This post is part of ongoing coverage of Cleveland Clinic’s 2013 Medical Innovation Summit: Finding Balance through Innovation. Obesity, Diabetes & the Metabolic Crisis.
During a panel discussion with other doctors and drug industry executives, William Herman, MD, made a statement that seemed pretty innocuous.
“I think the key to controlling diabetes is prevention.”
Preventative measures should actually include bariatric procedures, he added, noting, “The risk reduction (following bariatric procedures) is anywhere from 22 percent to 70 percent.”
But Dr. Herman, who is Professor of Internal Medicine and Epidemiology, University of Michigan, also said that many healthcare insurance programs are simply not aligned with the end goals of treatment.
Healthcare system’s ‘unintended consequences’
John Brooks, President and CEO of the Joslin Institute, agrees that such “unintended consequences” disincentivize patients to properly manage their conditions.
For example, when diabetes patients who have co-pays for eye exams forgo the exams, they’re cutting off a crucial means of monitoring the disease because an eye exam can show symptoms of diabetes. Not only can diabetes cause blindness but it is the leading cause of blindness in United States.
“I’m mad that we haven’t figured this out,” adds James Young, MD, and Chair, Endocrinology.
In spite of the relative success of bariatric surgeries to reduce risks associated with diabetes, Dr. Young says it’s far easier to get a patient into heart surgery than it is to get a patient into bariatric surgery for diabetes treatment.
“There are too many hoops to jump through,” he says.
What the panelists all seemed to agree on is that more tools – of all kinds – are needed to manage diabetes.
“I believe there is a role for technology to play,” says Stu Randle, President and CEO of GI Dynamics. “We need more therapies used in more combinations than we have today… more collaborations in drugs and devices is where we need to go.”
Complicated disease requires collaborative approach
“Diabetes is always going to be with us,” said Sandra MacRury, MD, Professor of Clinical Diabetes, University of the Highlands and the Islands. Dr. MacRury said about 10 percent of costs associated with diabetes in Ireland are due to complications, including heart disease and amputations.
While Dr. Young supports the role of surgery to help control the disease in some patients, he believes endocrinology is the missing piece in studies and development to treat diabetes.
“You hate to say we need a pill… but the reality is unless certain societal things change, we need a solution.” Dr.
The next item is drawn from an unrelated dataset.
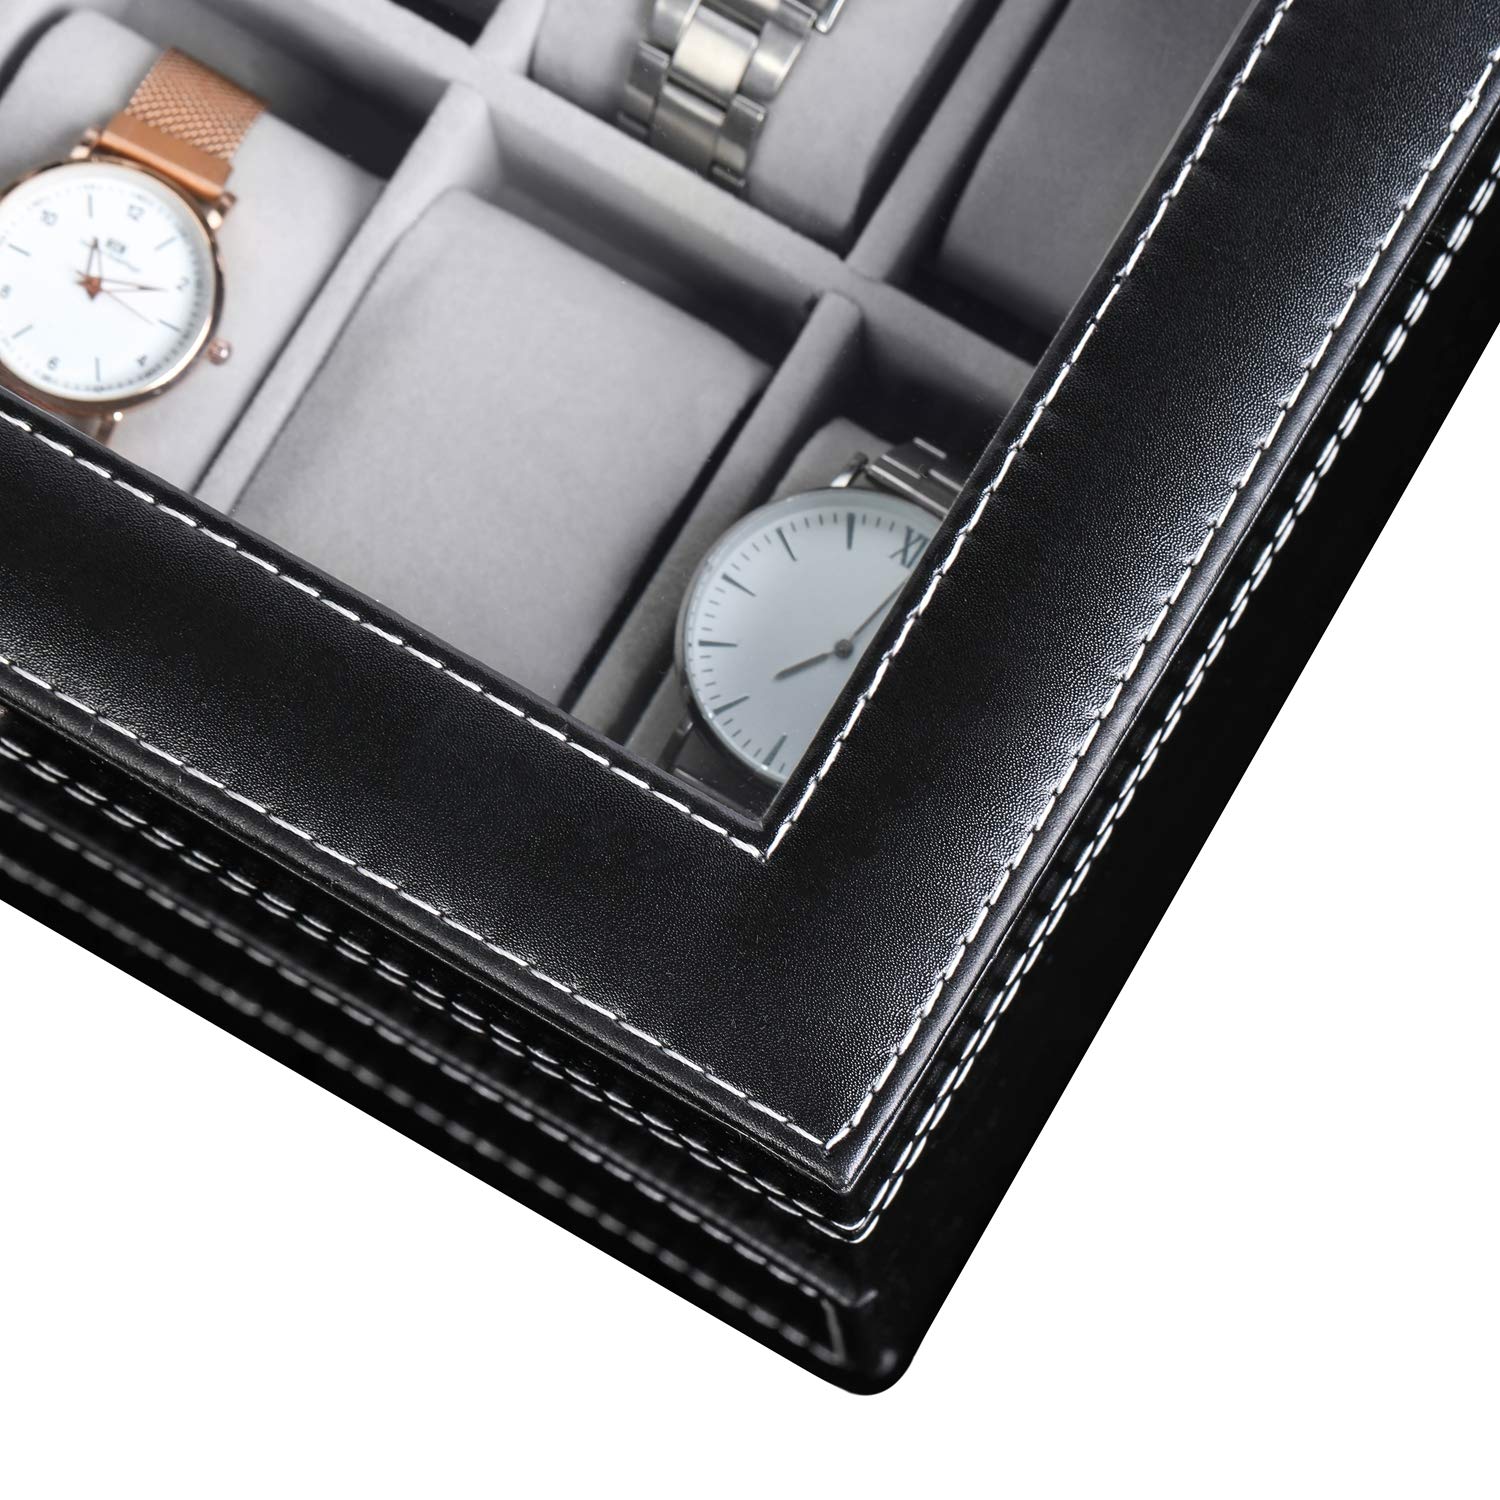 BASTUO Watch Box for Men 20 Watch Display Case Organizer with PU Leather Watch Storage Case, Jewelry Collection Organizer Large Glass Top, Black

Young said he is hopeful about the use of a Polypill, a pill containing a number of medicines that is being used in India.
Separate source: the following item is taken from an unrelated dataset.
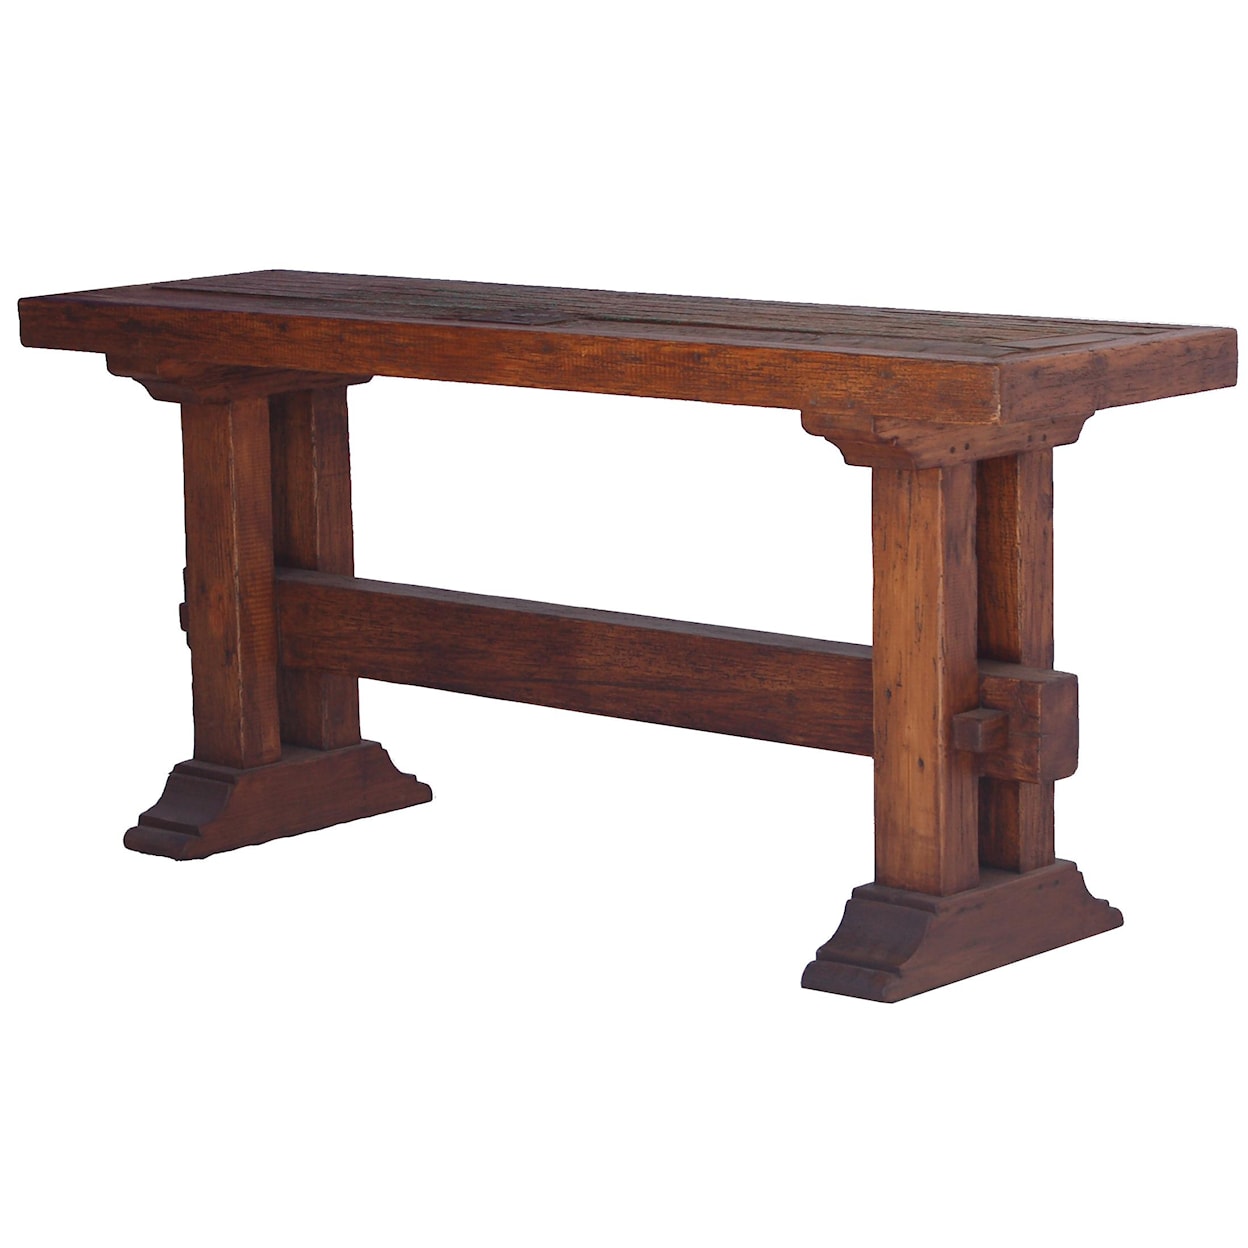 Furniture Source International Occasional Tables Trestle Console

Technology and the human factor important in managing diabetes
Kris Peterson, CEO of Valeritas, which develops drug delivery devices, says the company’s disposable V-go insulin delivery device (which is marketed to patients who are already taking the drug to control diabetes) is successful because it was developed based on human factors, including diabetic patients’ feelings of embarrassment at having the disease.
“It’s interesting that many patients who should be on insulin are afraid to be on insulin,” Brooks said, “it’s almost like taking insulin makes having diabetes real.”
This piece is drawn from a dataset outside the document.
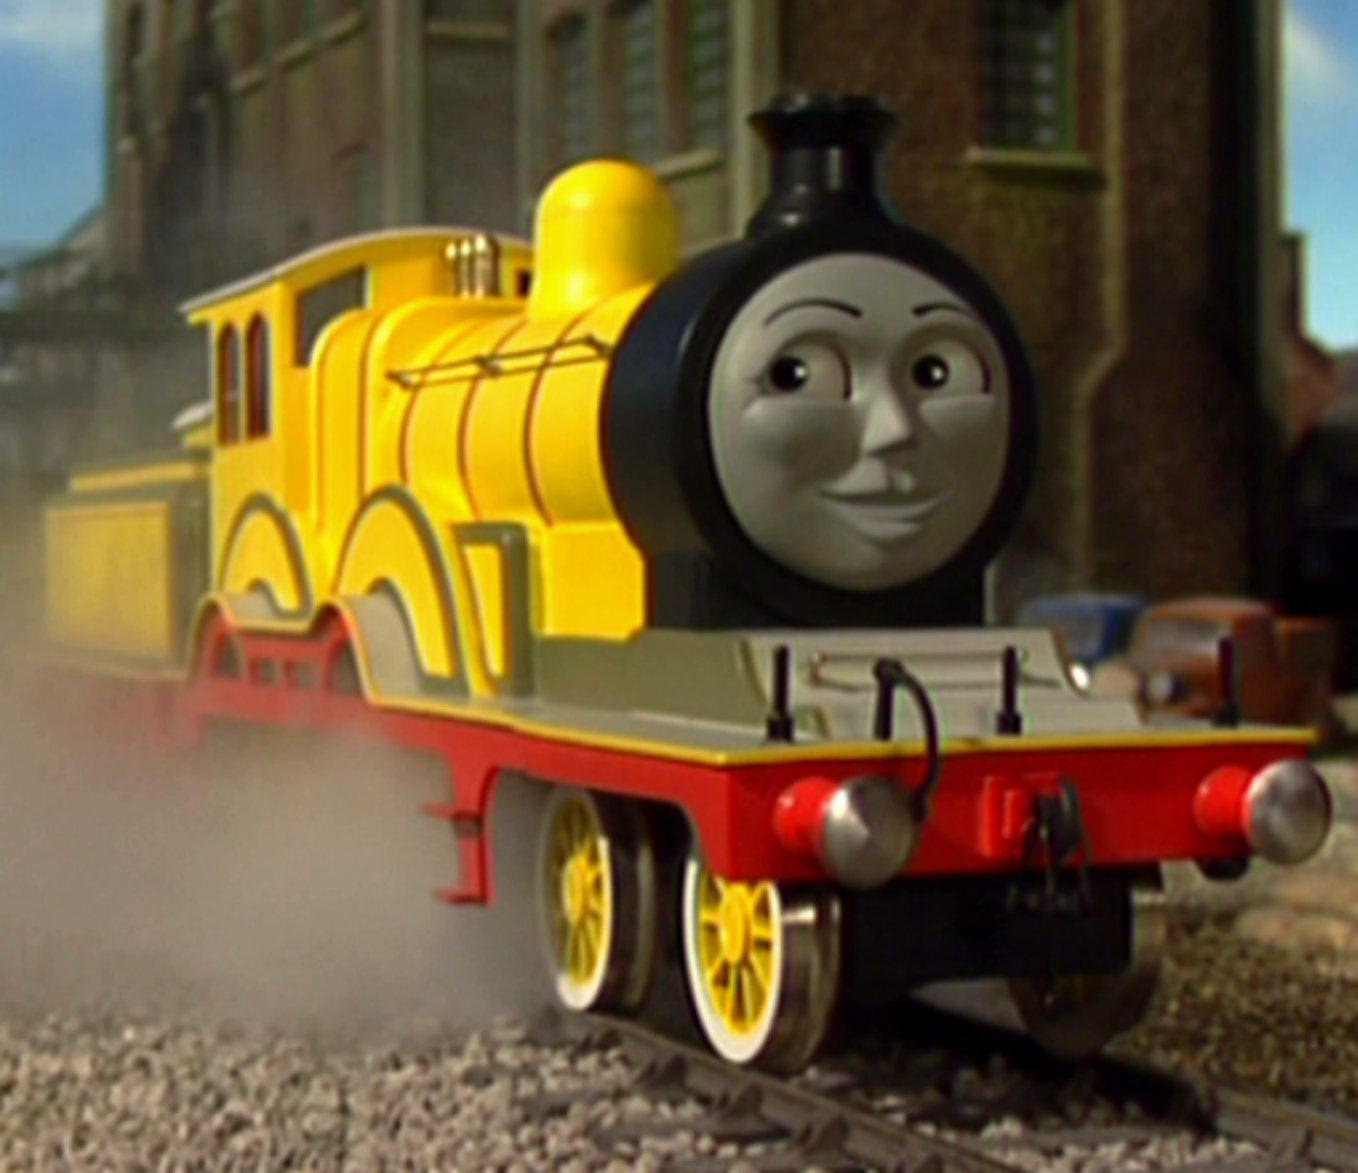 Toy cast iron train models of Molly (yellow) and Rosie (pink) from

Peterson says patients use V-go because they can use it discreetly.
Collaboration key for control, better treatment of diabetes
Brooks believes the key to successful diabetes treatment is understanding the whole patient as an individual, including their lifestyle and mindset.
“Bariatric surgery itself is not going to be a panacea … we have to not just change the gut flora, the diet and the lifestyle, but also the mindset.”